Contour 60i
If you have a bigger listening room—or if you just like to play it loud – the Contour 60i, with its unique midrange driver, is your new best friend. Contour 60i sounds bigger than you’d think. Yes, we mean that. And it isn’t just because it’s a grown-up, full-size, three-way floorstander. Of course, it’s capable of outright, neighbor-infuriating volume. It sounds big in other ways too – from the soaring soundstage of a top orchestral recording to the caffeinated surround-sound effects in a movie, Contour 60i simply fills the room—without resorting to bass-heavy bombast along the way.
Starting at the top
You’ll find the jewel in the crown: the Esotar 2i tweeter. We looked at the older Esotar 2 from the 2016 Contour, took it apart, and realized we could give it a boost with some tech from our flagship Confidence range (the Hexis) and also our flagship Core professional reference monitor series (the larger rear chamber). Together, these clever mods help to reduce unwanted resonances and smooth out the frequency response for even clearer treble performance. The Contour 60i is the only model in the family to have a dedicated midrange driver. It uses an aluminum voice coil and also has a neodymium magnet system—all developed and optimized at the Dynaudio Labs in Denmark. It is, in fact, the same midrange driver we used in the 2016 Contour 60. If it ain’t broke.

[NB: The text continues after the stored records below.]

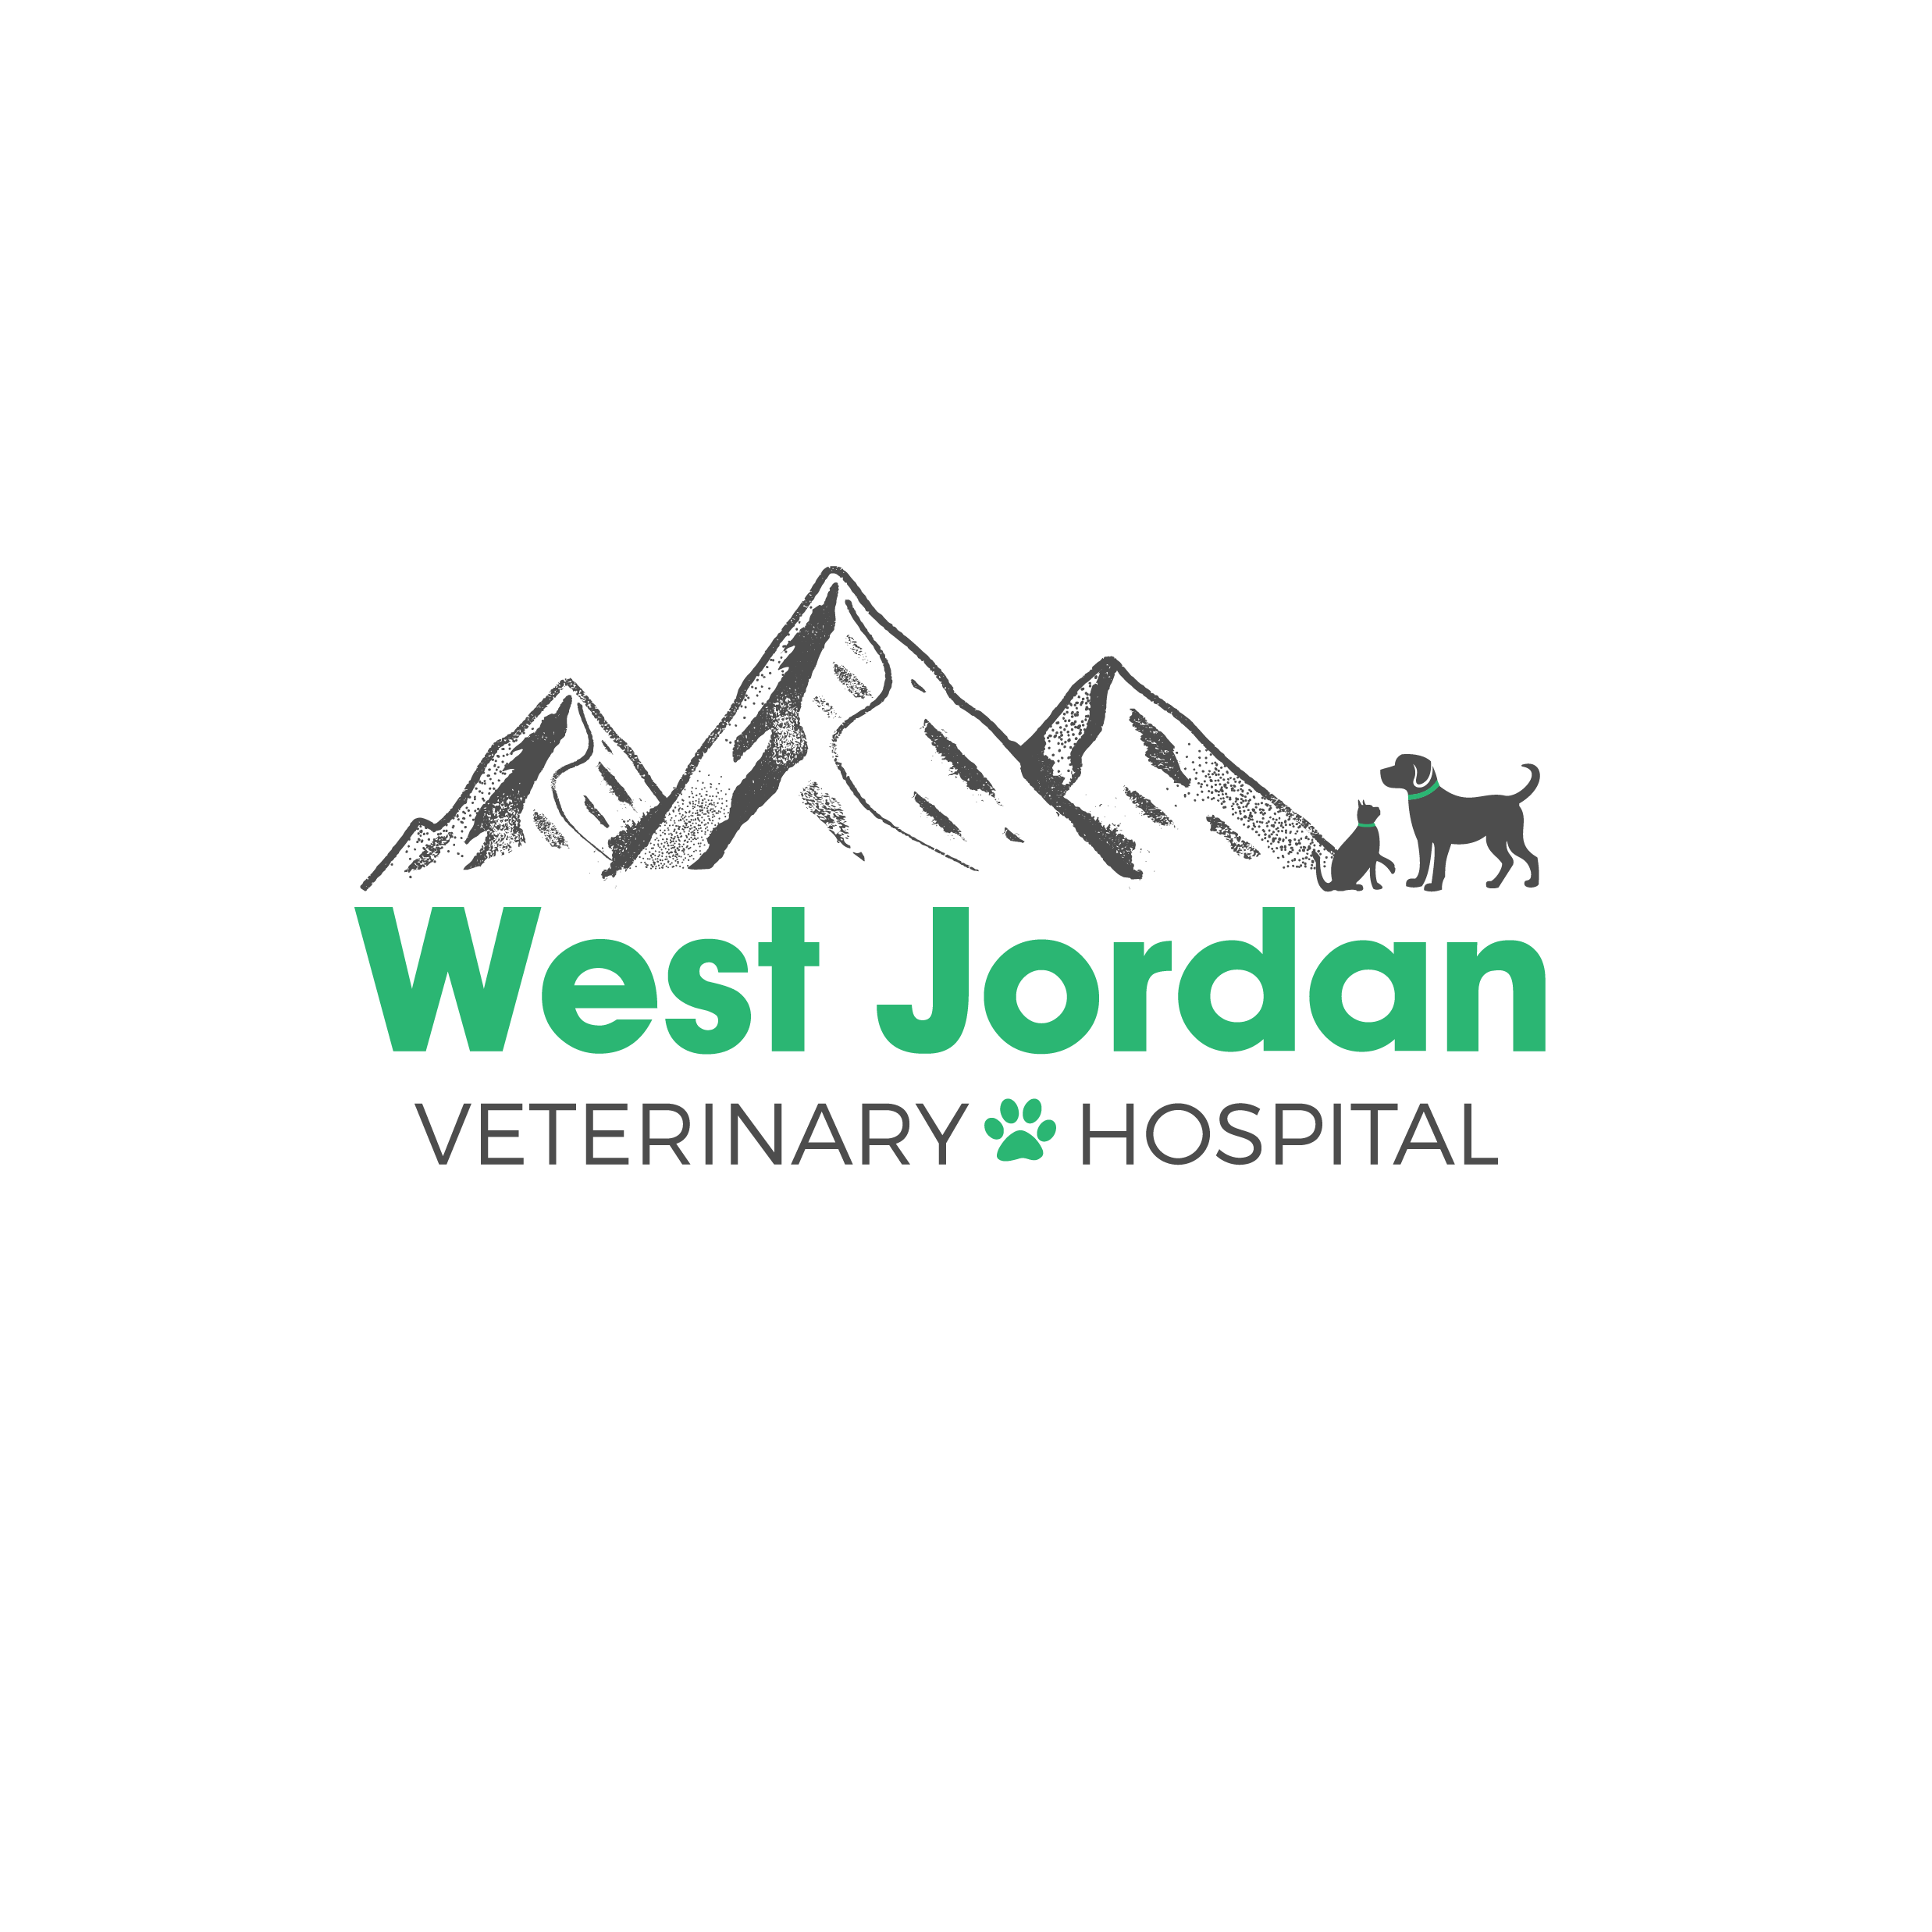 West Jordan Veterinary Hospital West Jordan (801)561-9271
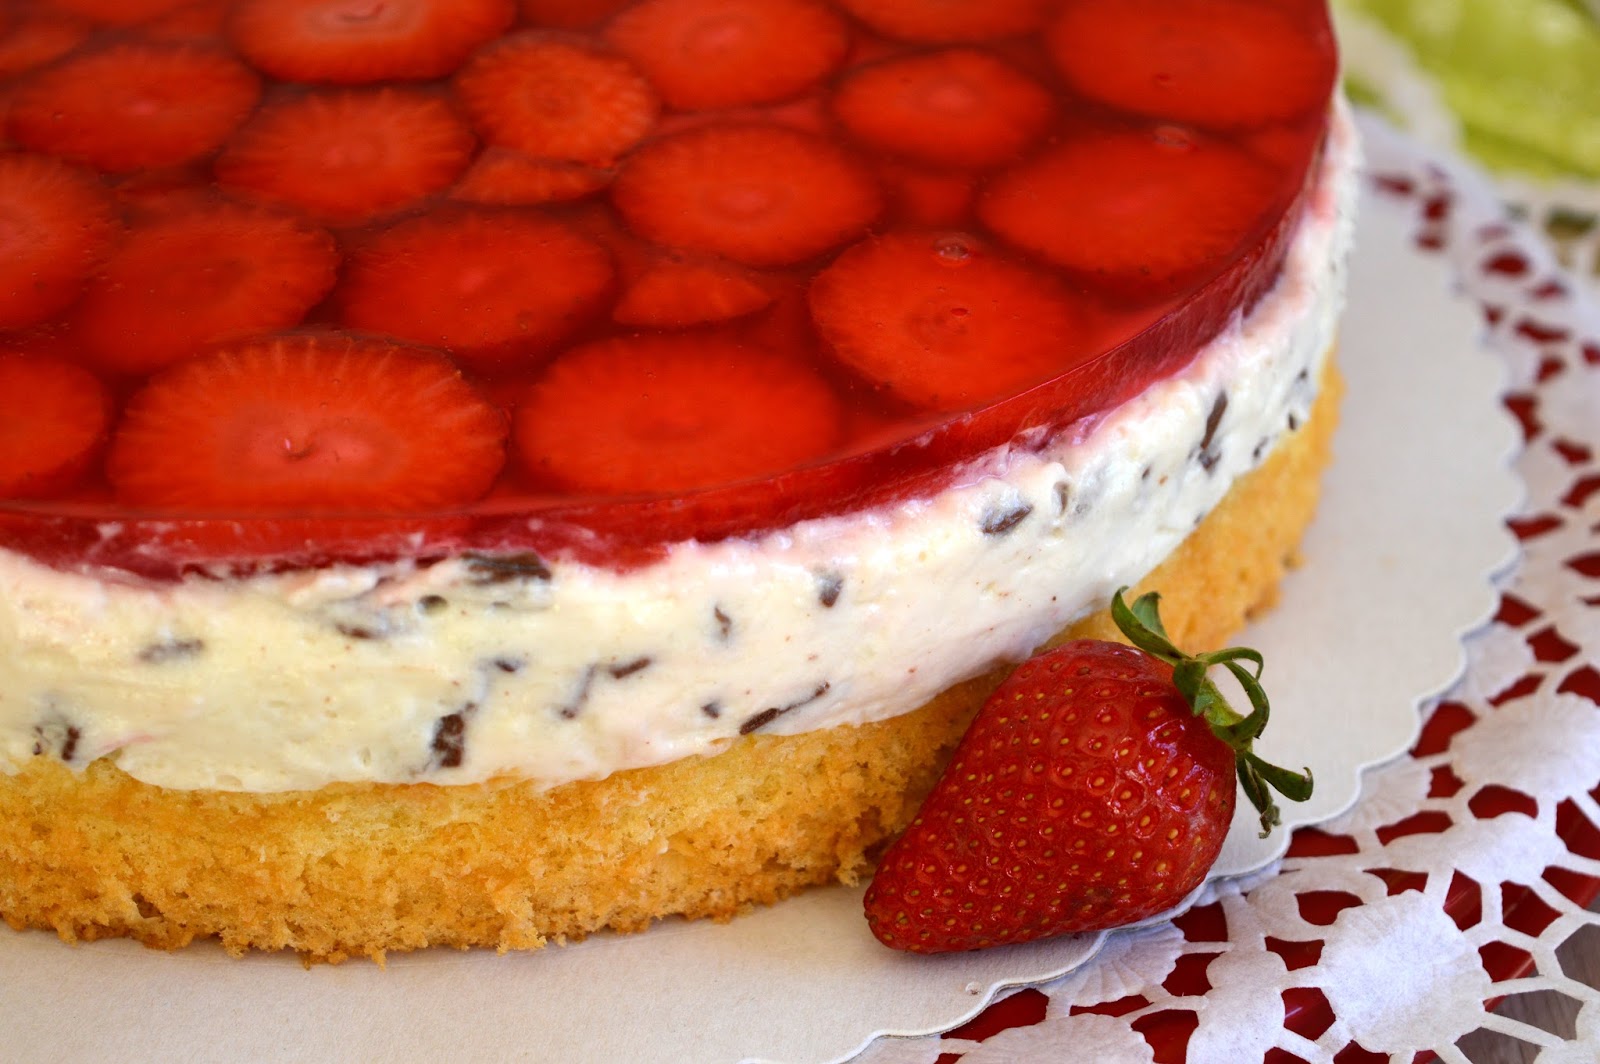 Julias zuckersüße Kuchenwelt: Erdbeer-Stracciatella-Torte
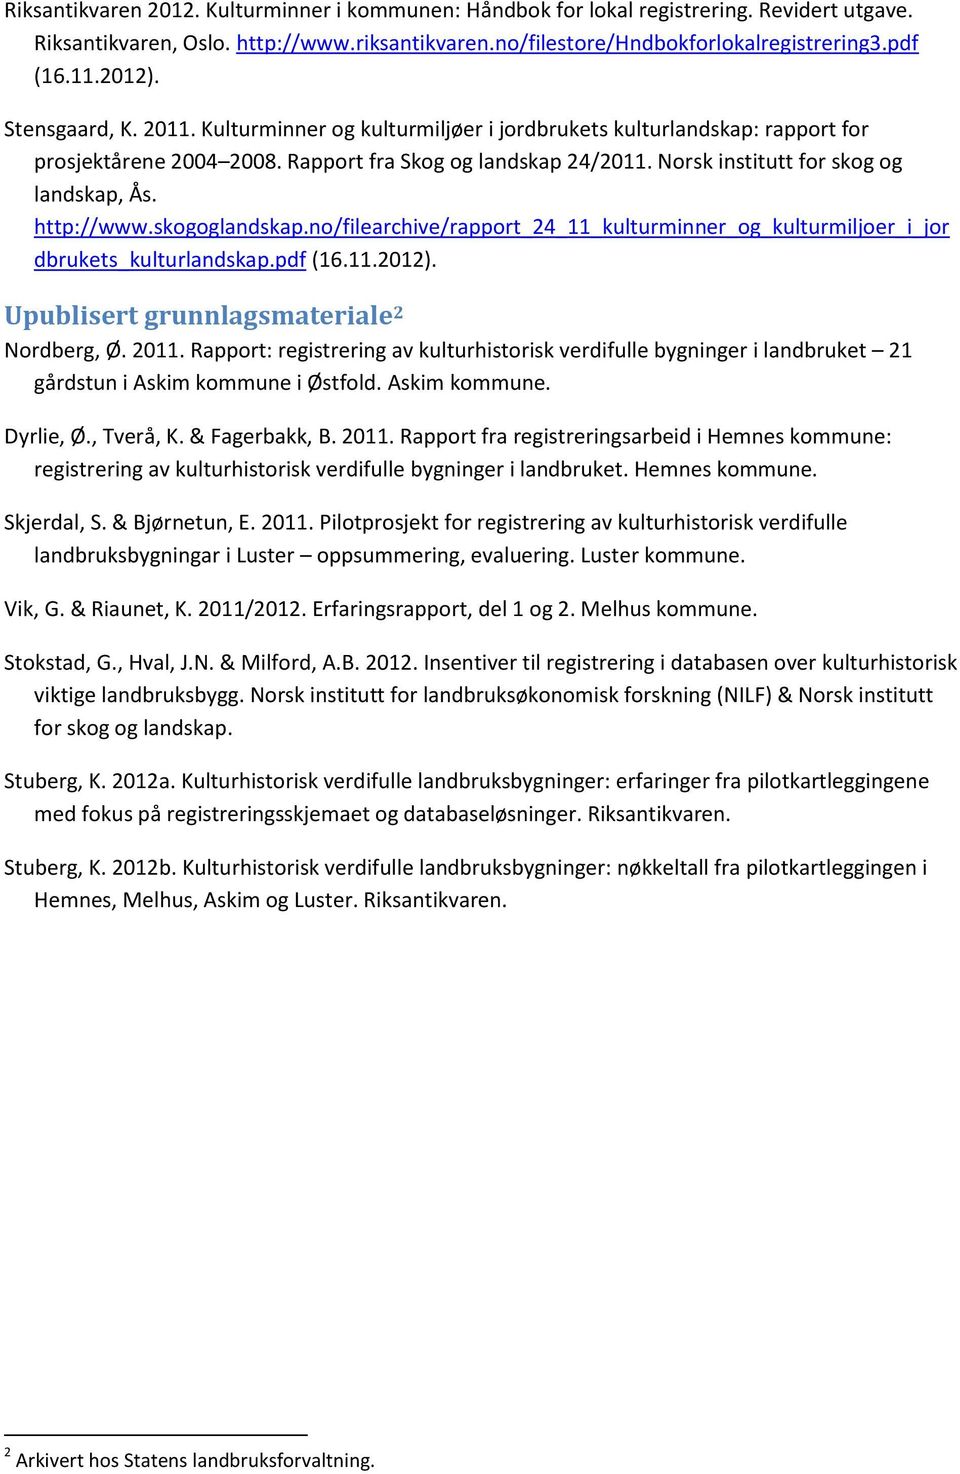 Norsk institutt for skog og landskap, Ås. http://www.skogoglandskap.no/filearchive/rapport_24_11_kulturminner_og_kulturmiljoer_i_jor dbrukets_kulturlandskap.pdf (16.11.2012).
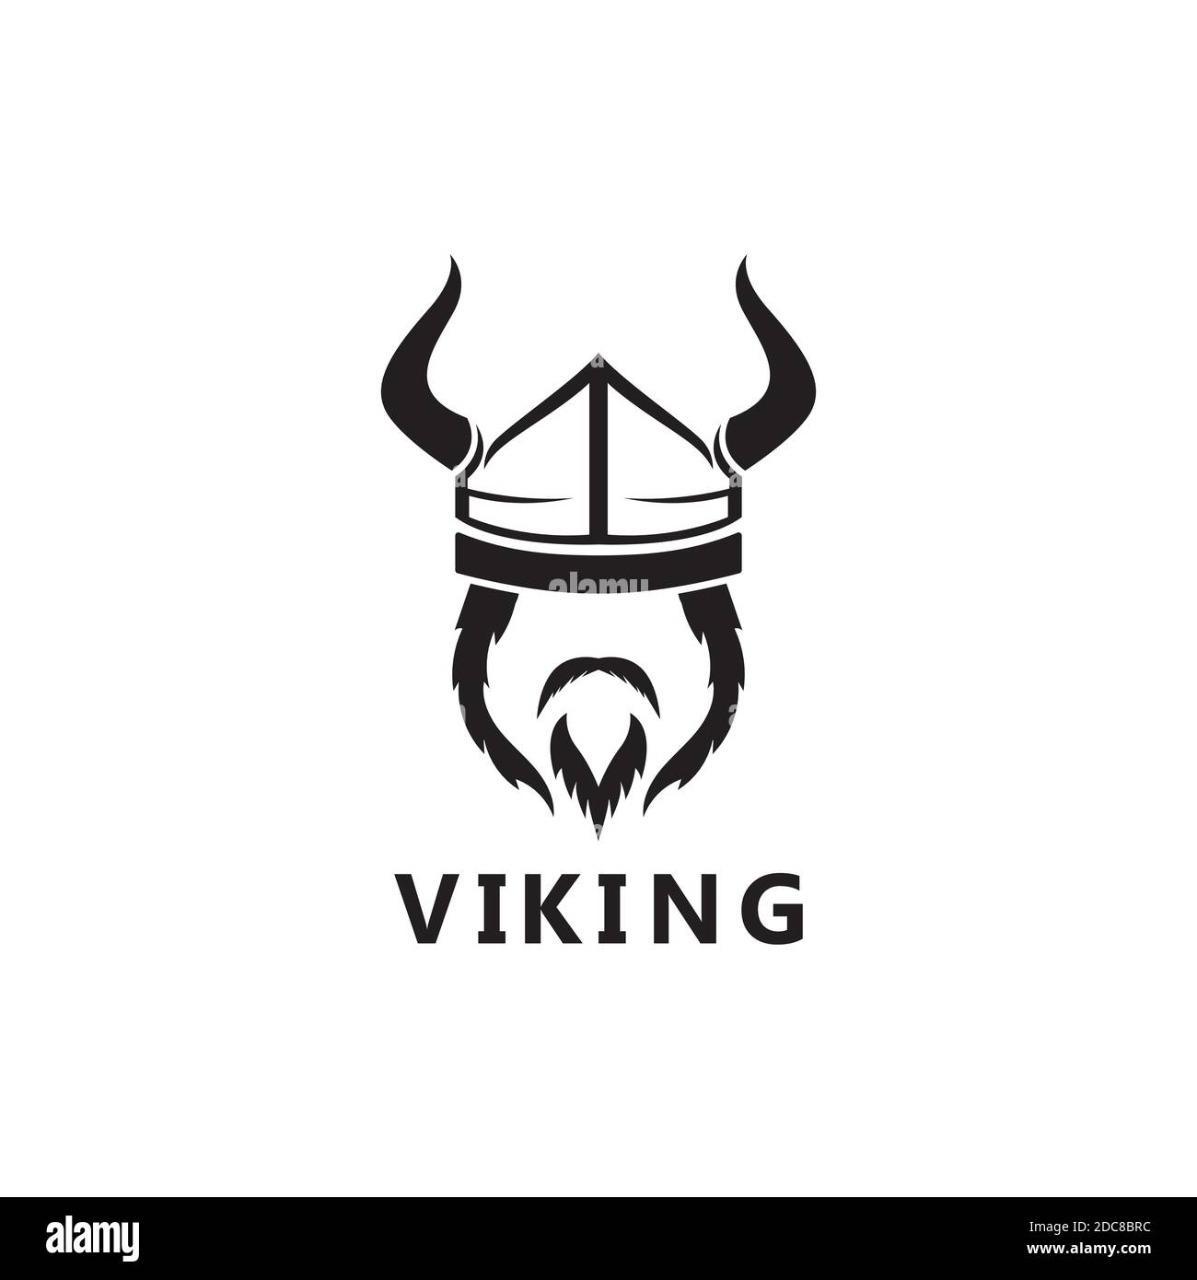 Vikingo95

Where the difference lies in how it’s mounted
We’ve used more tech from Core here, isolating it in a precision-molded cup containing resonance-defeating ribs. If there’s one thing you can never have too much of, it’s midrange clarity – and Contour 60i now has even more. The two widgets are updated. Each has a bigger magnet system, a different voice-coil design, and a glass-fiber voice-coil former, as first used in the Confidence range and Sub 6 subwoofer. That means even tighter bass at higher volume. We’ve chosen copper for these ones over aluminum. Why? Because they’re dedicated bass drivers. Copper is heavier and provides more moving mass. More moving mass lets us dig deeper without impinging on the midrange, handled by the super-sprightly driver just above. The crossover has been updated, too. You can’t change all the drivers without taking a look at the speaker’s ‘brain’, after all. Plus, the effect of that molded midrange cup and the aramid fiber woofer spiders let our engineers shift the crossover frequency up. It now works better at slightly higher frequencies (up to around 300 Hz). The frequency curve in this area is also flatter, meaning better midrange performance from a simpler design. and sleek-but-solid aluminum baffle provide your music (which was likely mixed using Dynaudio studio speakers, too) with a robust, defined acoustic foundation. So much so that, if we’ve done our jobs right, you’ll forget they’re even there and just … listen.
Key Features.
- Esotar 2i tweeter: Featuring a larger rear chamber and now the Hexis inner dome, which helps to reduce unwanted resonances and flatten the frequency response.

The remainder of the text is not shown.